製造業部門の成長率は、前四半期の 3.0%に対して1.5%と鈍化し、これは2013年第1四半期(0.6%)以来の最低成長率となった。石油・化学・ゴム・プラスチック製品(2020年第1四半期:3.9%)、電気・電子・光学製品(同:2.2%)、木製品・家具・紙製品・印刷(同:1.3%)が成長に寄与した。
鉱業・採石部門は、原油・コンデンセートと天然ガスの生産が改善したため、今四半期は-2.0%(2019年第4四半期:-3.4%)となった。
農業部門は-8.7に落ち込み、パーム油や林業・伐採、漁業、ゴムの低迷が主因となっている。特にパーム油サブセクターは22.0%(2019年第4四半期:-16.9%)減少したが、これはパーム原油(CPO)の生産量縮小によるものとなっている。
建設セクターは前四半期の1.0%から-7.9%へ落ち込み、1999年第2四半期(-7.9%)以来の低成長となった。
今期の労働市場の状況については、マレーシアの雇用者数は1.6%に増加して1,524万人となった。ただ、失業率は前期の3.2%から3.5%へ増加しており、失業率の上昇は主に移動規制令(MCO)が影響を与えたことに起因している。因みに、マレーシアで最も高い失業率を記録したのは1986年の7.4%となっている。
今後のGDP成長率見通しについては、国際通貨基金が2020年4月14日に発表した『World Economic Outlook, April 2020: The Great Lockdown』によると、2020年のマレーシアの実質GDP成長率は-1.7%に落ち込むが、2021年には9.0%へ回復する見通しが示されており、中国と同水準の高成長が見込まれている。

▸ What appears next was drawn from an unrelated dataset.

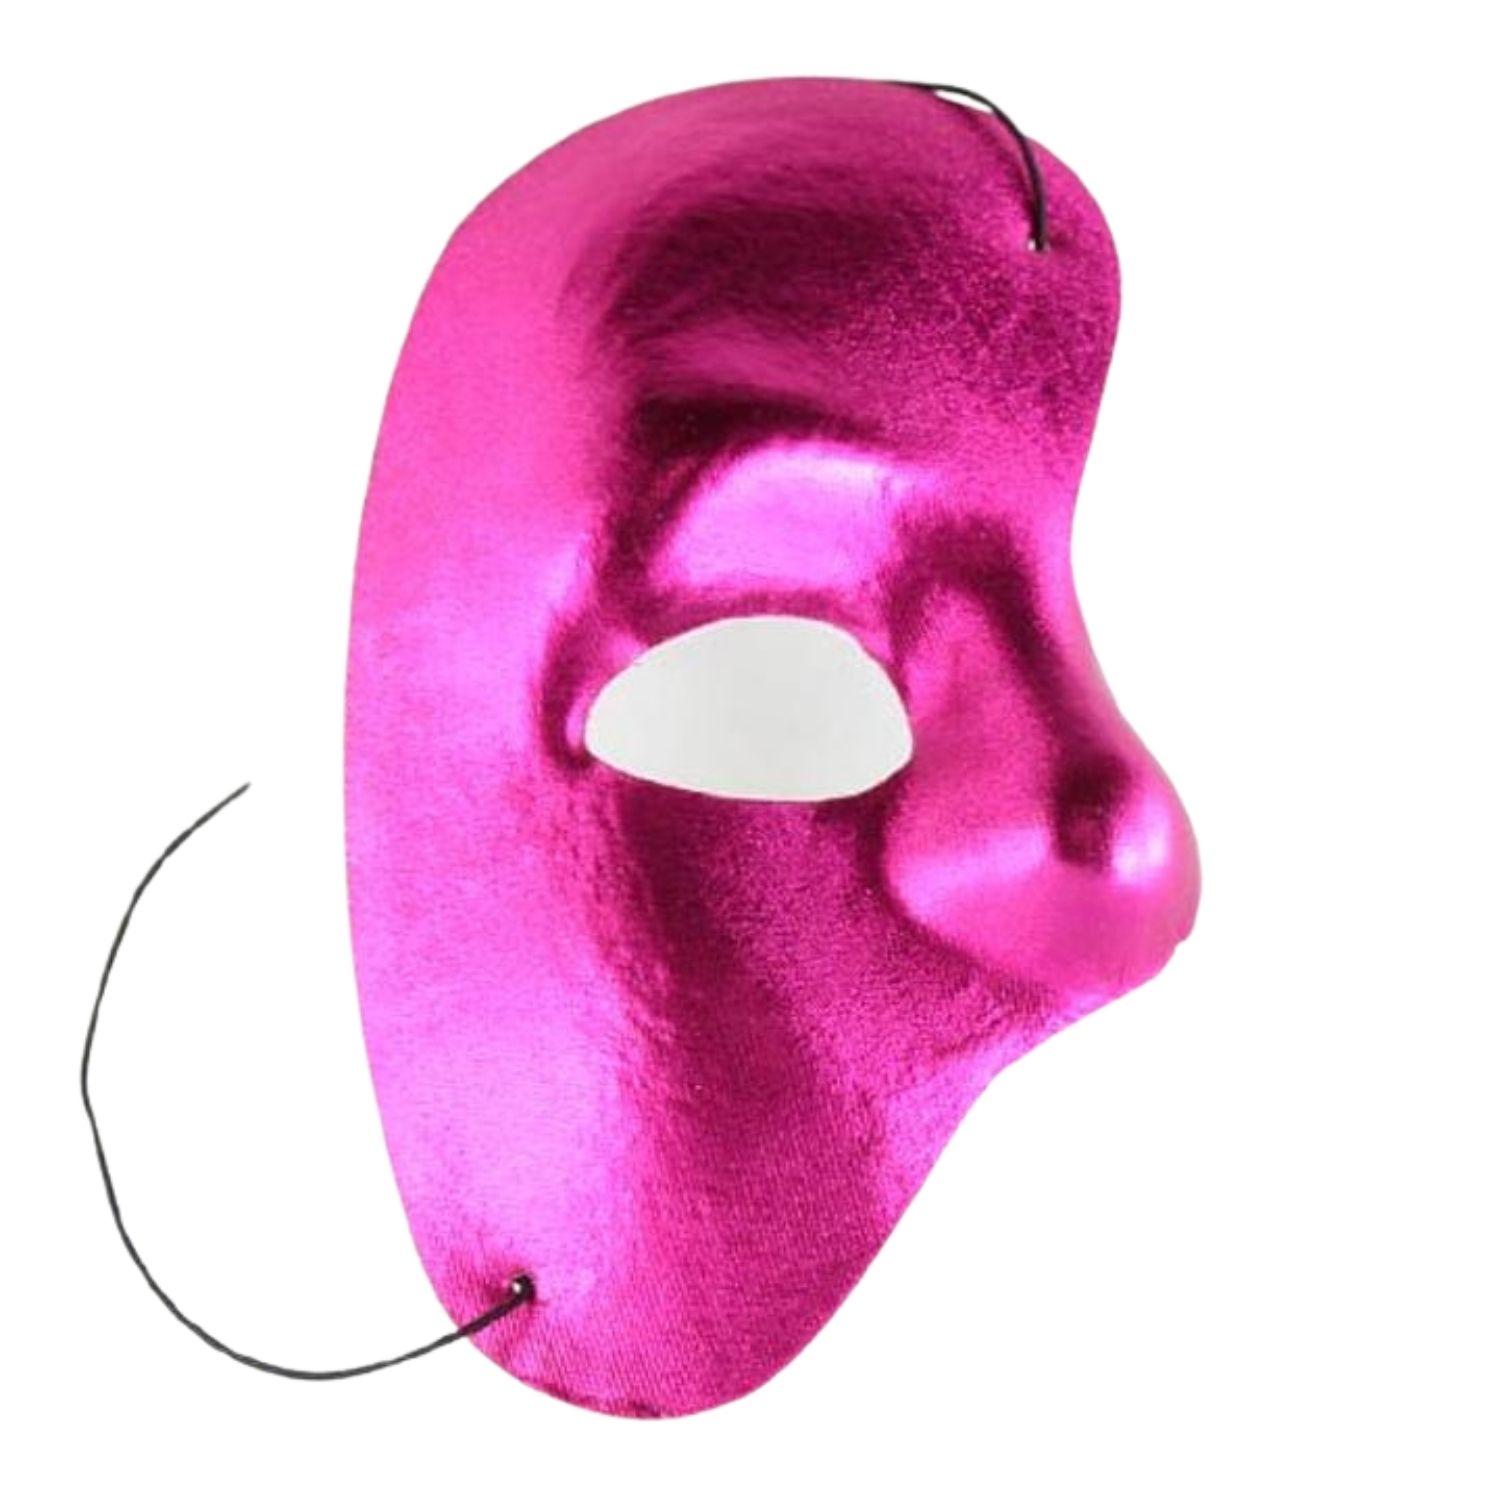 evigt Overlegenhed værksted Shiny Mask, Half Face Mask, Satin Mask, Phantom Of The Opera Mask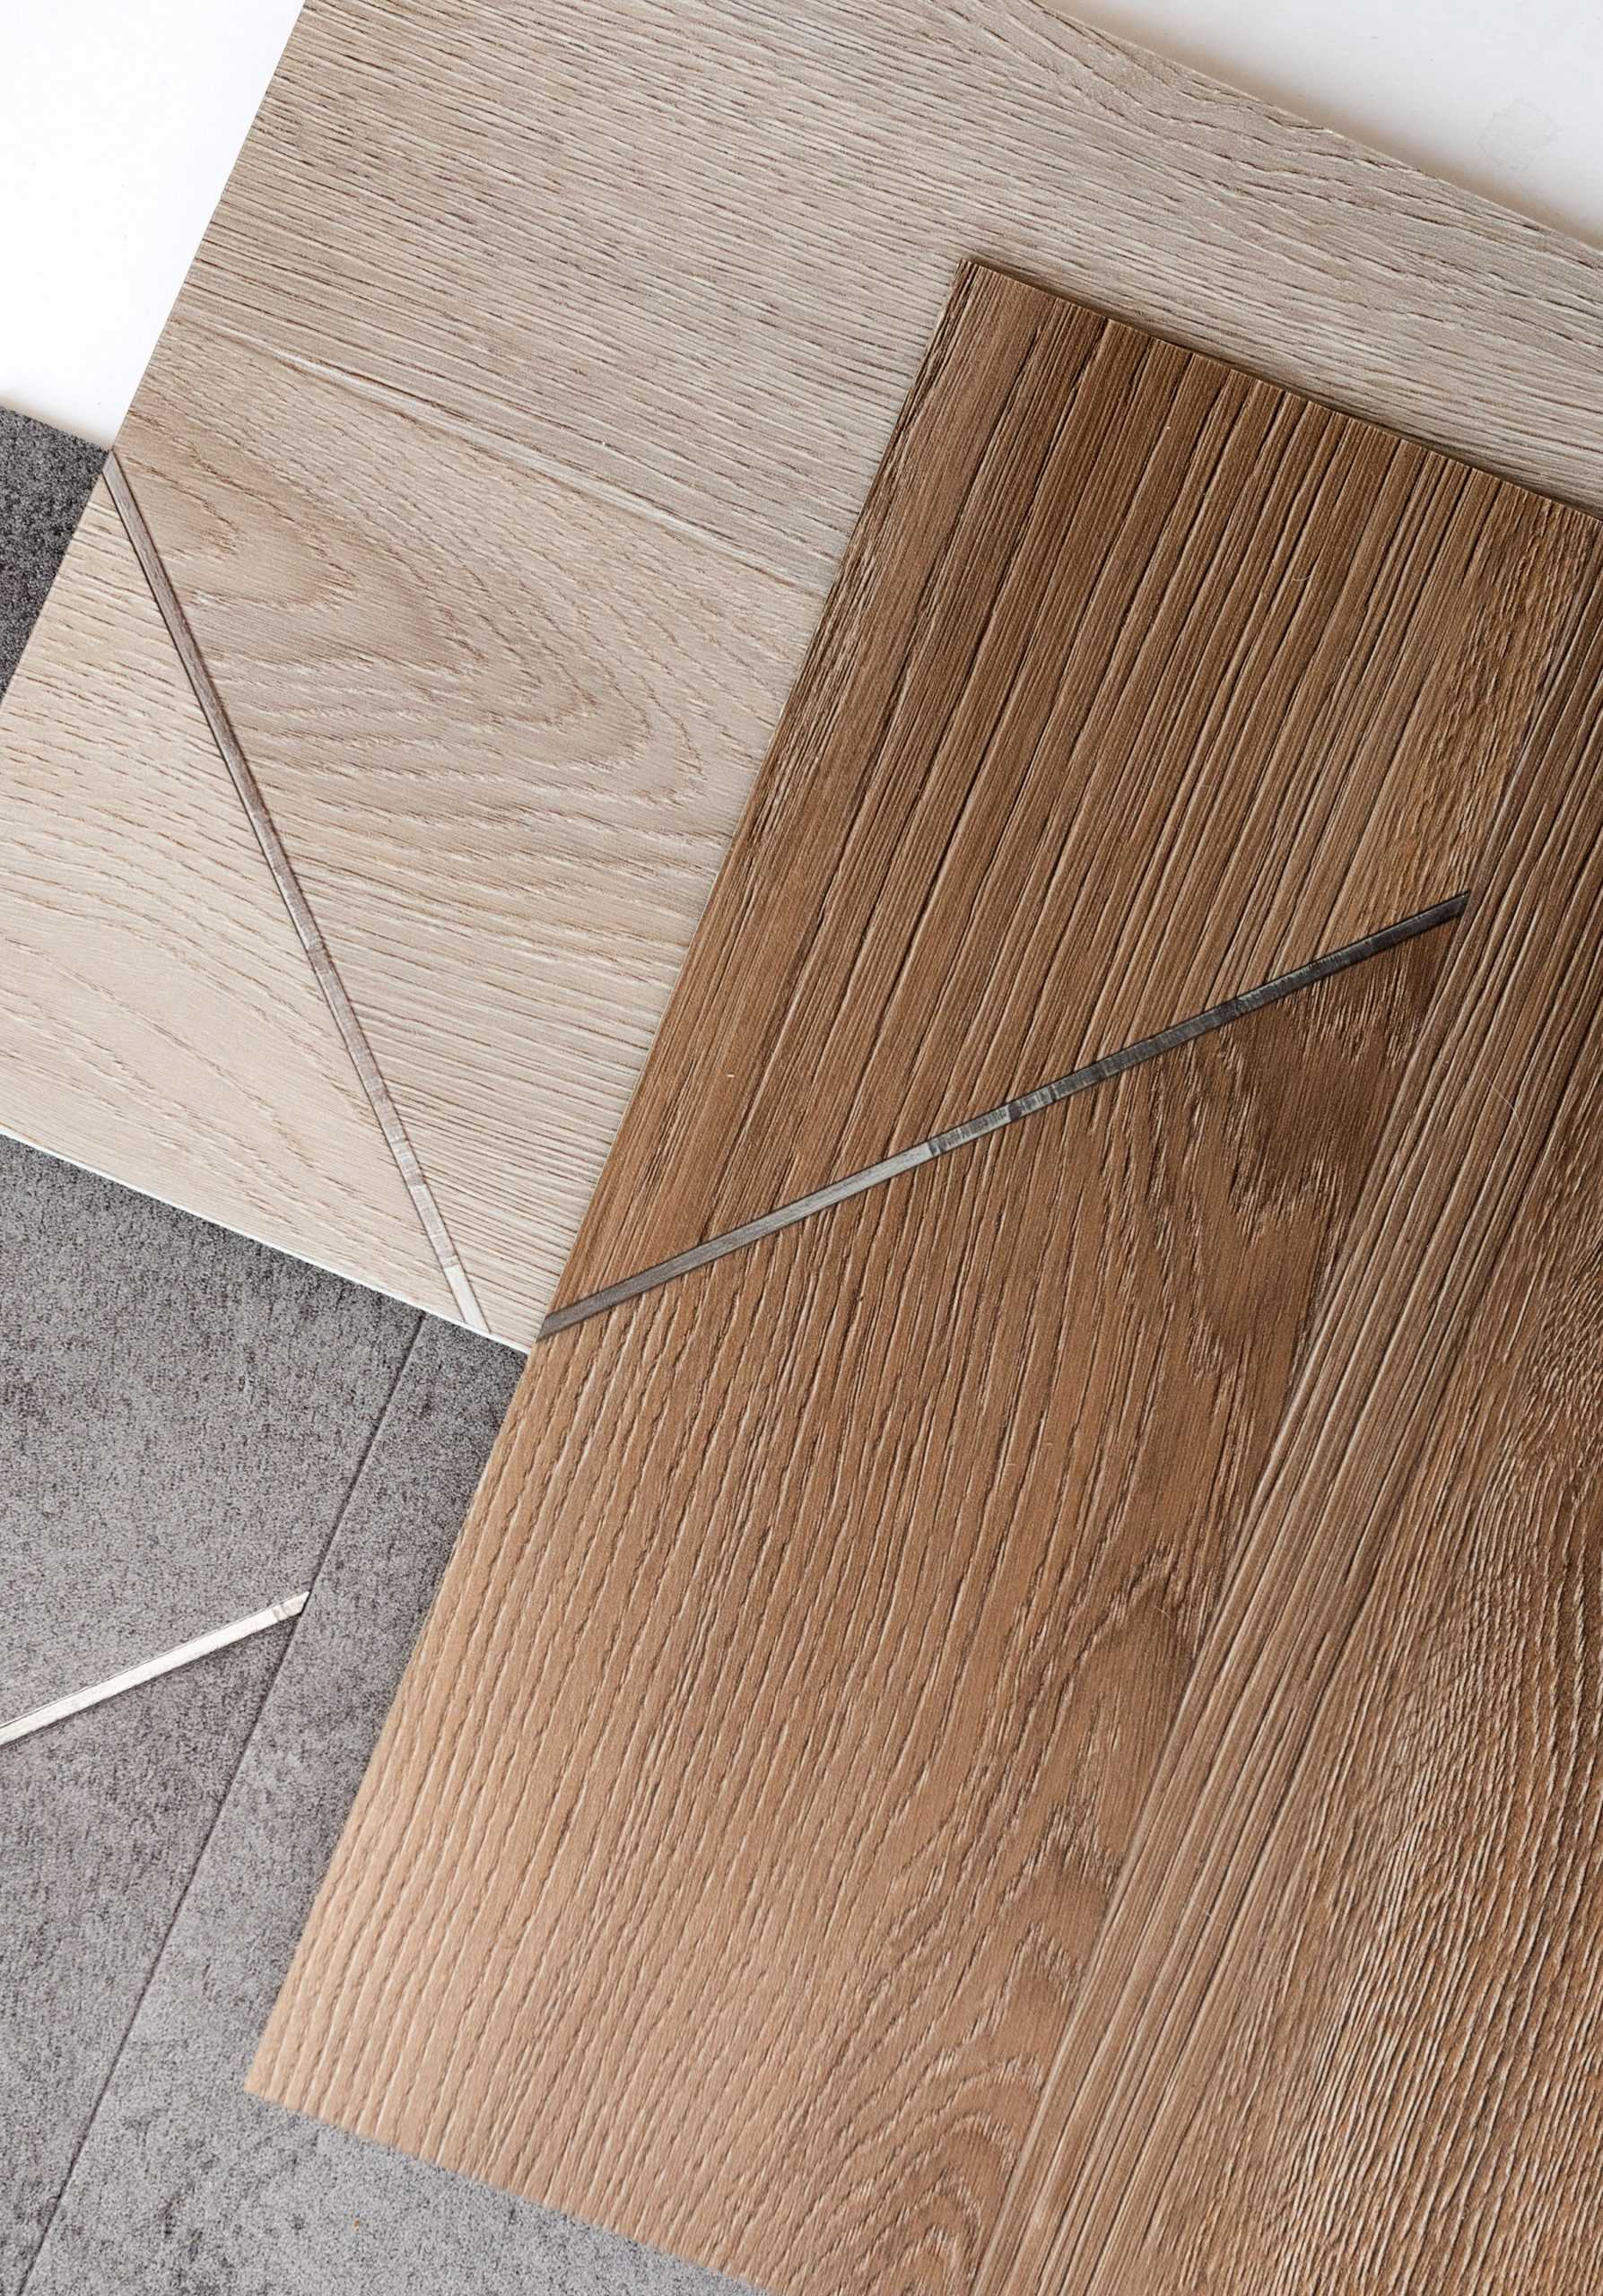 Patcraft的Inset地板系列类似于木材和混凝土

次にCOVID-19に対するマレーシアの景気刺激策の財政支出内訳を見ると、賃金補助が138億リンギット、現金支給が136億リンギットとなり、所得と生活支援に重点が置かれた内容となっている。またGDPに対する財政支出の規模では、マレーシアはドイツやフランスを上回る2.5%と高い水準にある。